Department of Biology, Pennsylvania State University, University Park, PA 16802, USA.
BMC Evol Biol. 2014 Mar 29;14:67. doi: 10.1186/1471-2148-14-67.
As it becomes increasingly possible to obtain DNA sequences of orthologous genes from diverse sets of taxa, species trees are frequently being inferred from multilocus data. However, the behavior of many methods for performing this inference has remained largely unexplored. Some methods have been proven to be consistent given certain evolutionary models, whereas others rely on criteria that, although appropriate for many parameter values, have peculiar zones of the parameter space in which they fail to converge on the correct estimate as data sets increase in size.
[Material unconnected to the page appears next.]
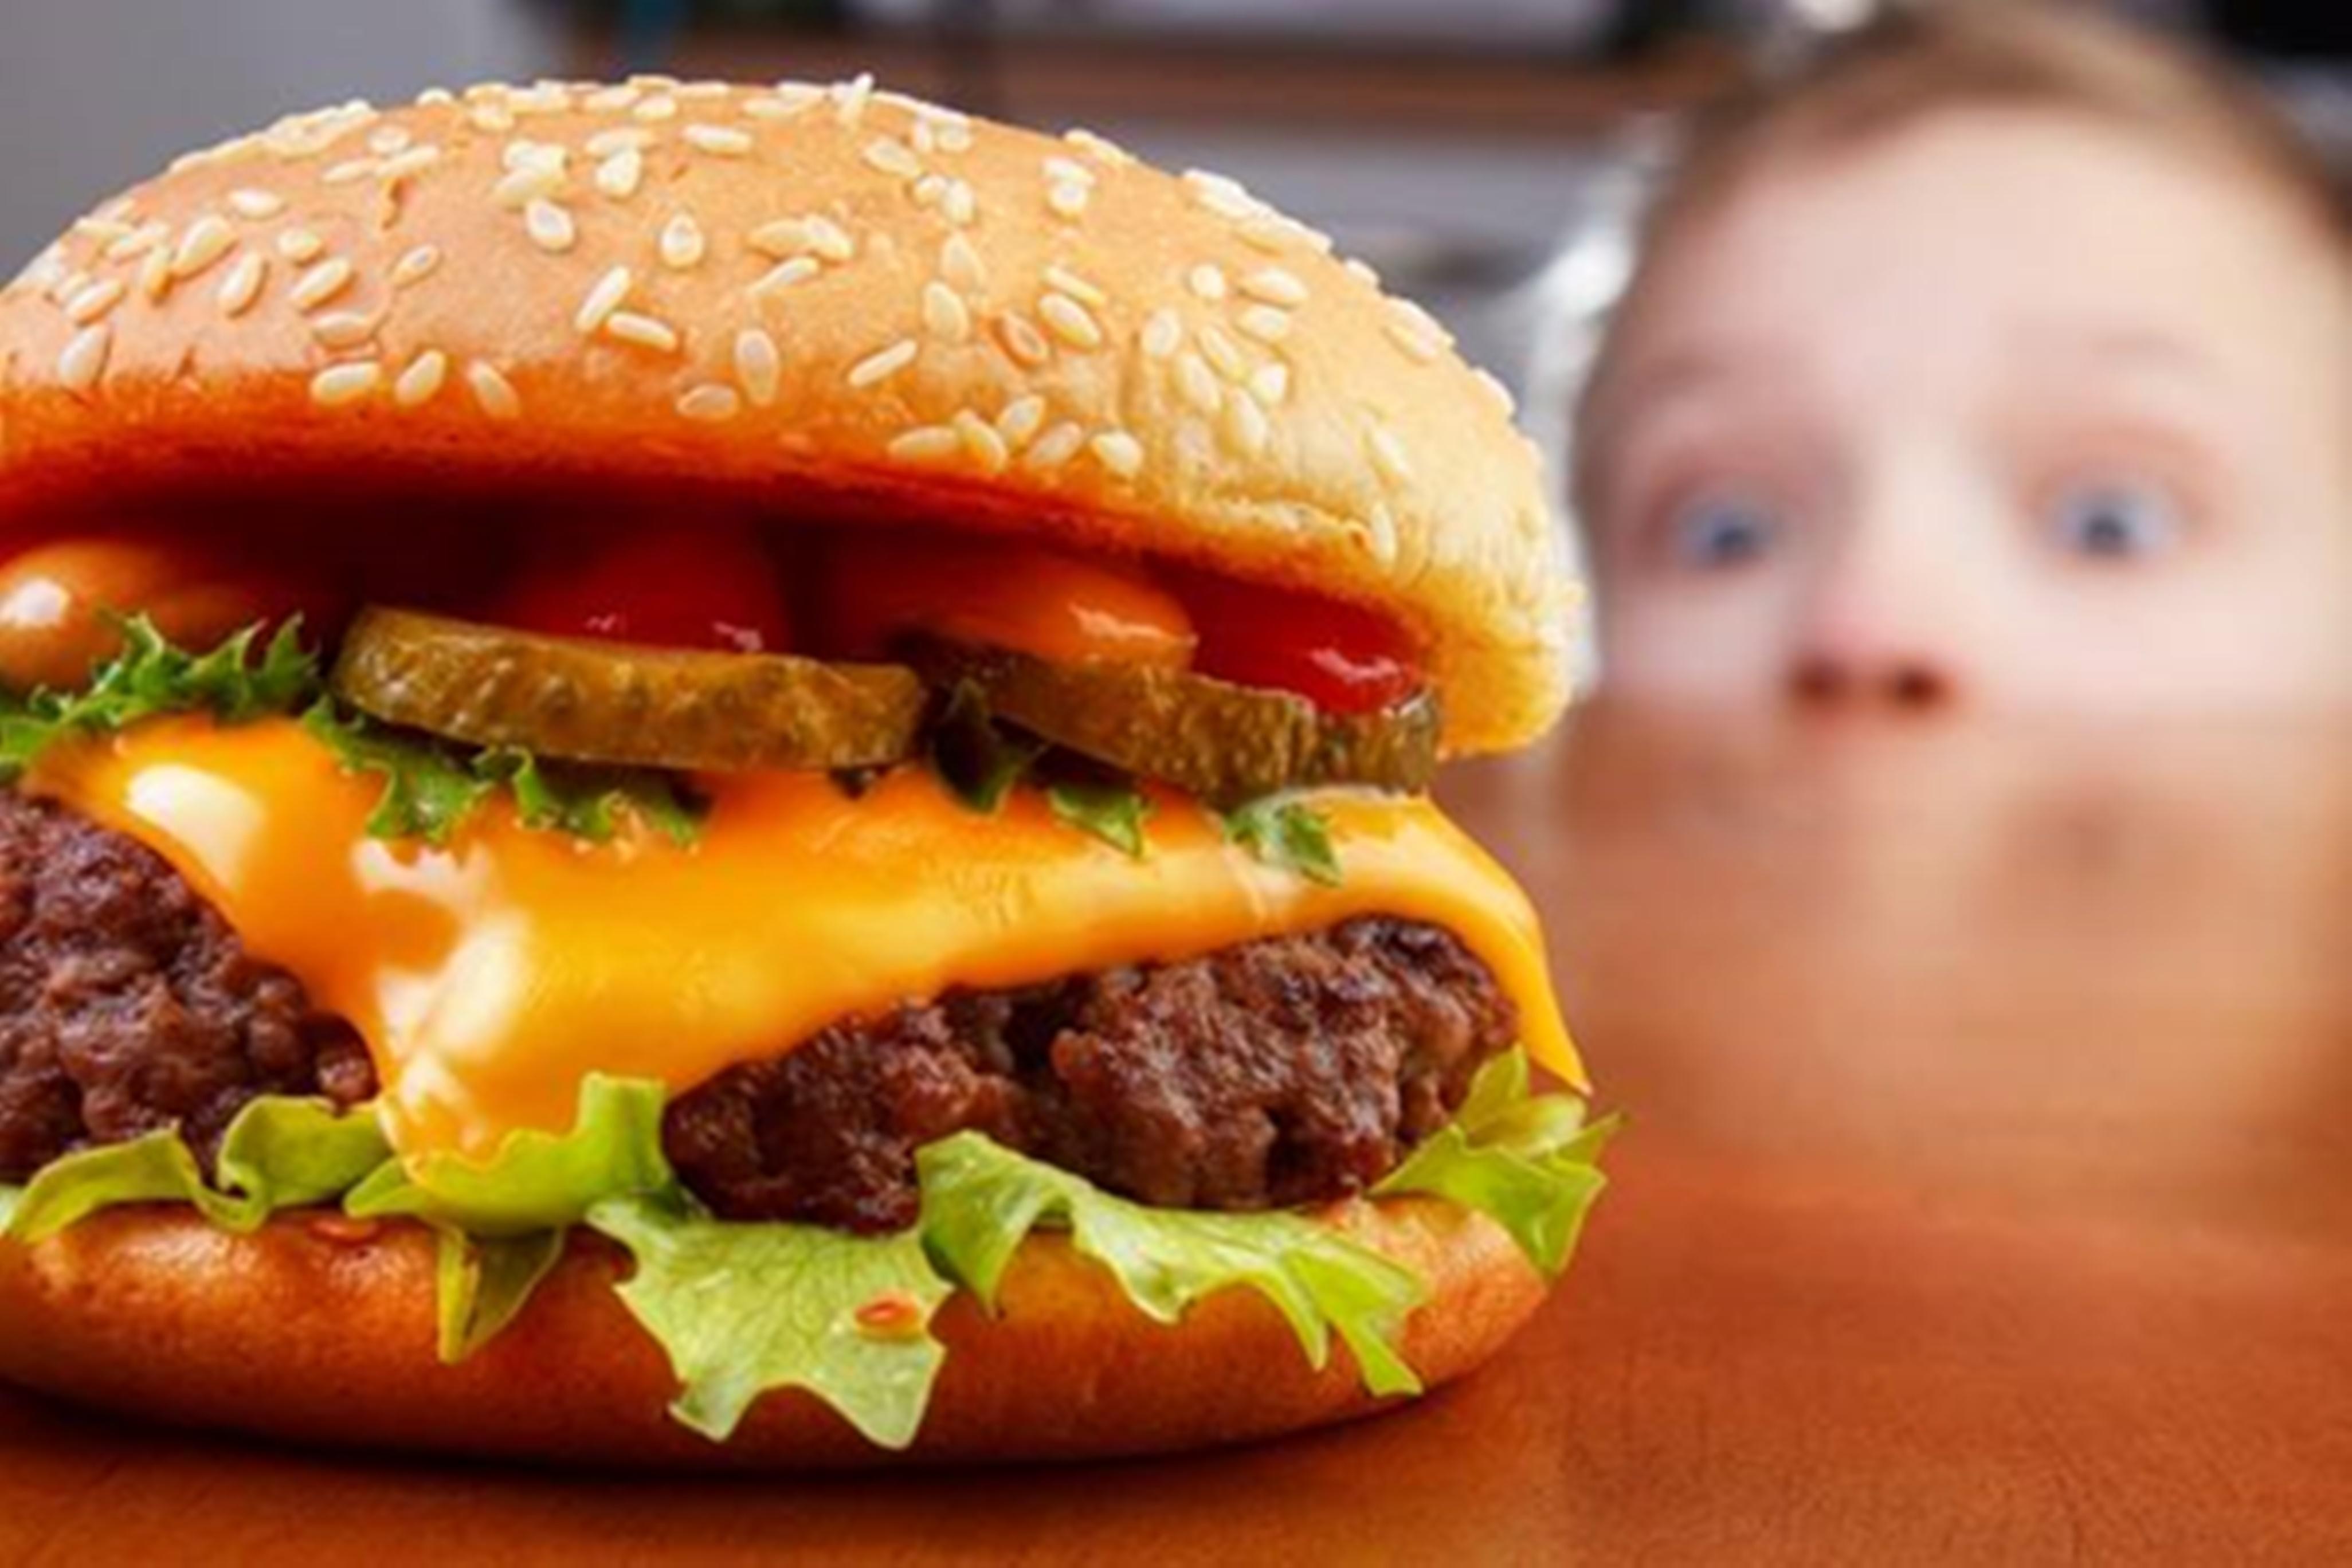 Hambúrgueres artesanais, uma tendência de mercado lucrativa
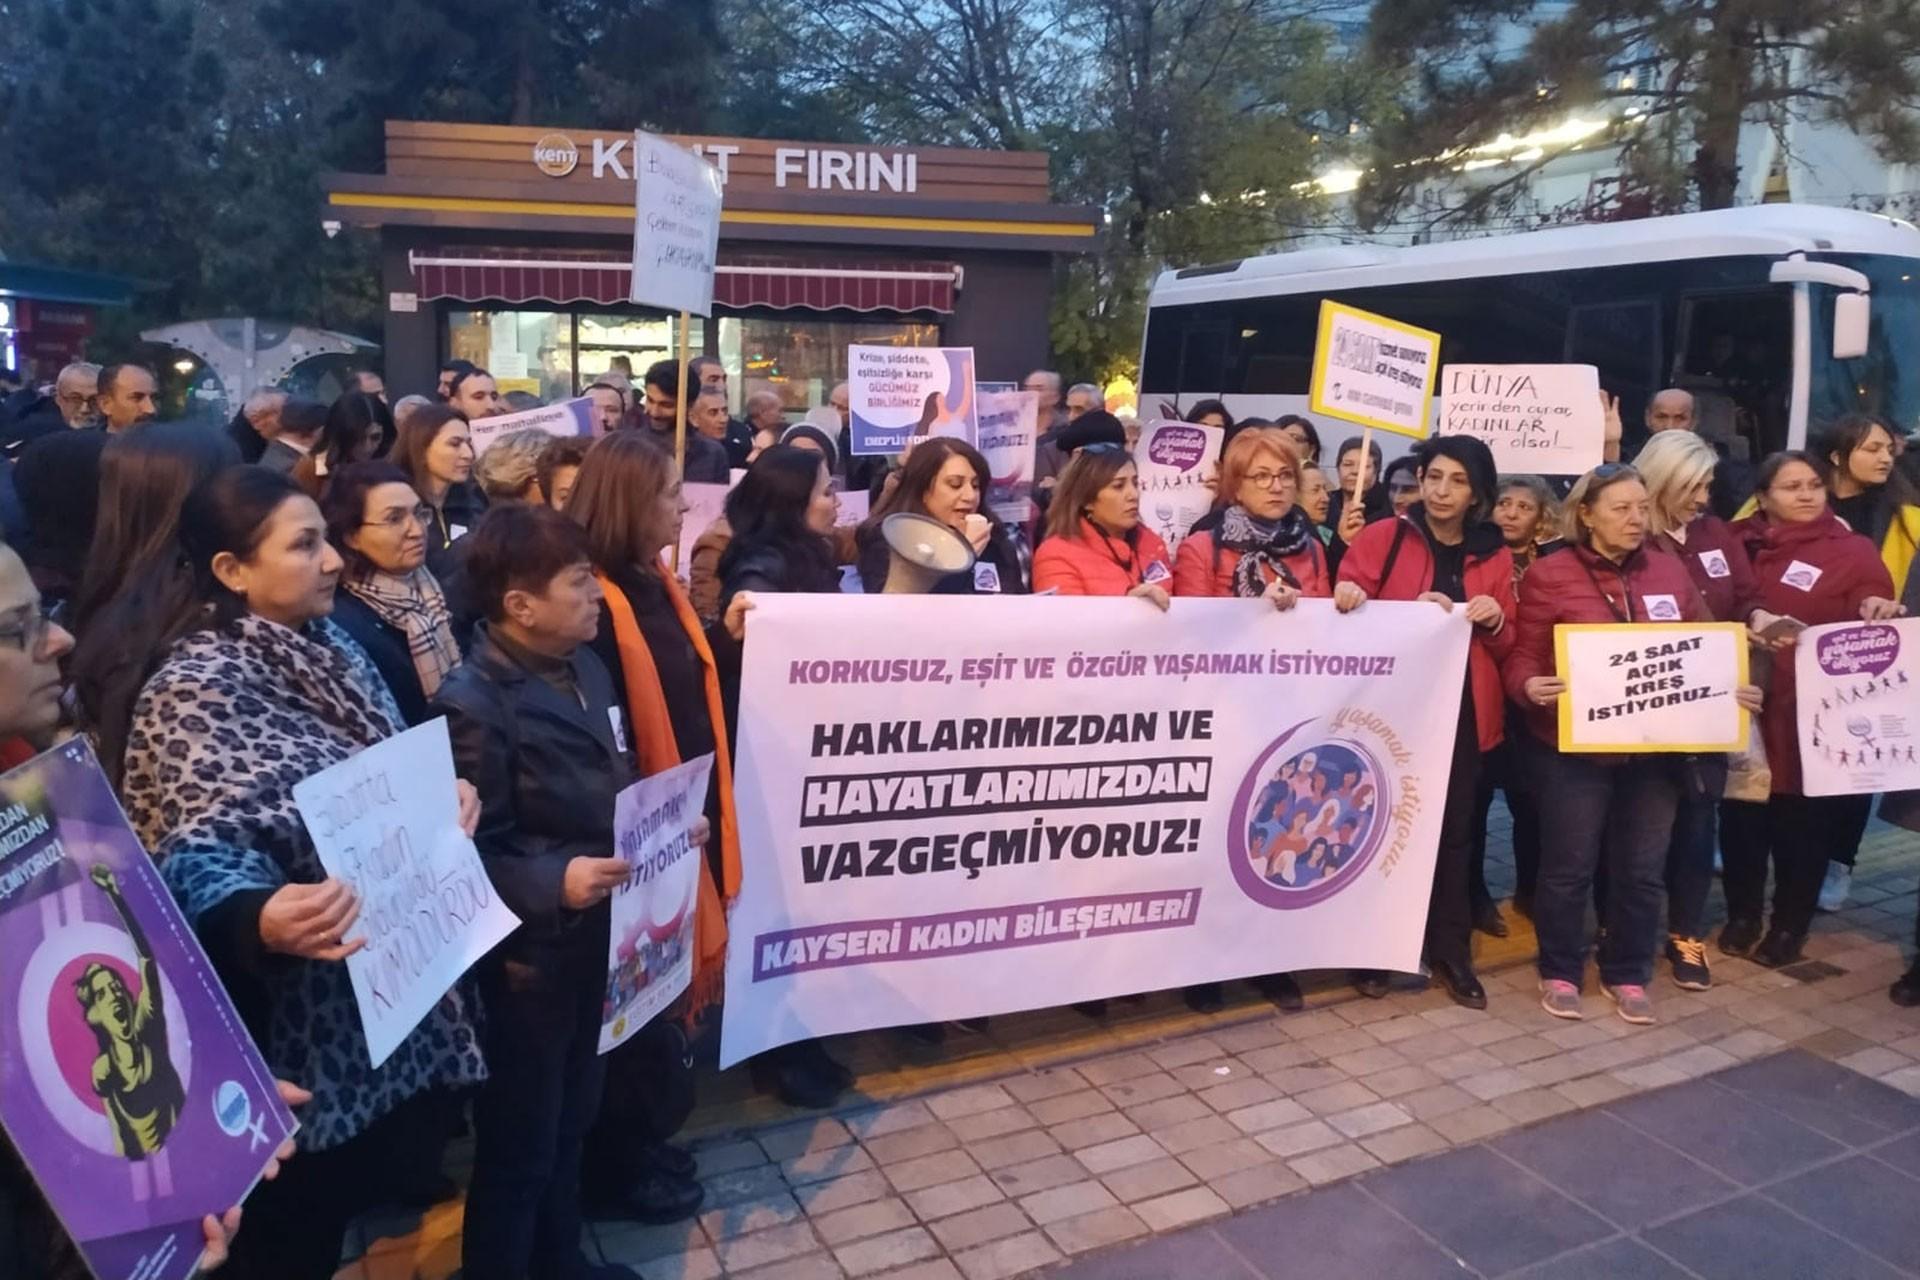 Kayseri'de 25 Kasım'da bir araya gelen kadınlar.

Here, using North American pines, we empirically evaluate the behavior of 24 strategies for species tree inference using three alternative outgroups (72 strategies total). The data consist of 120 individuals sampled in eight ingroup species from subsection Strobus and three outgroup species from subsection Gerardianae, spanning ∼47 kilobases of sequence at 121 loci. Each "strategy" for inferring species trees consists of three features: a species tree construction method, a gene tree inference method, and a choice of outgroup. We use multivariate analysis techniques such as principal components analysis and hierarchical clustering to identify tree characteristics that are robustly observed across strategies, as well as to identify groups of strategies that produce trees with similar features. We find that strategies that construct species trees using only topological information cluster together and that strategies that use additional non-topological information (e.g., branch lengths) also cluster together. Strategies that utilize more than one individual within a species to infer gene trees tend to produce estimates of species trees that contain clades present in trees estimated by other strategies. Strategies that use the minimize-deep-coalescences criterion to construct species trees tend to produce species tree estimates that contain clades that are not present in trees estimated by the Concatenation, RTC, SMRT, STAR, and STEAC methods, and that in general are more balanced than those inferred by these other strategies.
When constructing a species tree from a multilocus set of sequences, our observations provide a basis for interpreting differences in species tree estimates obtained via different approaches that have a two-stage structure in common, one step for gene tree estimation and a second step for species tree estimation. The methods explored here employ a number of distinct features of the data, and our analysis suggests that recovery of the same results from multiple methods that tend to differ in their patterns of inference can be a valuable tool for obtaining reliable estimates.
随着从不同分类单元中获得同源基因的 DNA 序列变得越来越可能,物种树经常根据多点数据进行推断。然而,许多执行这种推断的方法的行为在很大程度上仍未得到探索。一些方法在某些进化模型下已被证明是一致的,而其他方法则依赖于标准,尽管这些标准对于许多参数值是合适的,但在参数空间的特殊区域中,当数据量增加时,它们无法收敛到正确的估计值。
在这里,我们使用北美松树,通过使用三个替代外群(总共 72 种策略),从经验上评估了 24 种用于物种树推断的策略的行为。数据由 8 个种内物种的 120 个个体组成,来自 Strobus 亚科,以及来自 Gerardianae 亚科的 3 个外群物种,跨越 121 个基因座的约 47 千碱基序列。每种用于推断物种树的“策略”都由三个特征组成:一种物种树构建方法、一种基因树推断方法和一种外群选择。我们使用多元分析技术,如主成分分析和层次聚类,来识别在策略中稳健观察到的树特征,以及识别产生具有相似特征的树的策略组。我们发现,仅使用拓扑信息构建物种树的策略聚集在一起,并且使用额外的非拓扑信息(例如,分支长度)的策略也聚集在一起。使用一个物种内的多个个体来推断基因树的策略往往会产生包含其他策略估计的树中存在的分支的物种树估计。使用最小化深聚结准则构建物种树的策略往往会产生包含不在Concatenation、RTC、SMRT、STAR 和 STEAC 方法估计的树中存在的分支的物种树估计,并且通常比其他策略推断的更平衡。
当从一组多点序列构建物种树时,我们的观察结果为通过具有共同两步结构的不同方法获得的物种树估计值之间的差异提供了一个解释基础,一个步骤用于基因树估计,另一个步骤用于物种树估计。这里探索的方法采用了数据的许多不同特征,我们的分析表明,从倾向于在推断模式上有所不同的多个方法中获得相同的结果,可以作为获得可靠估计值的有用工具。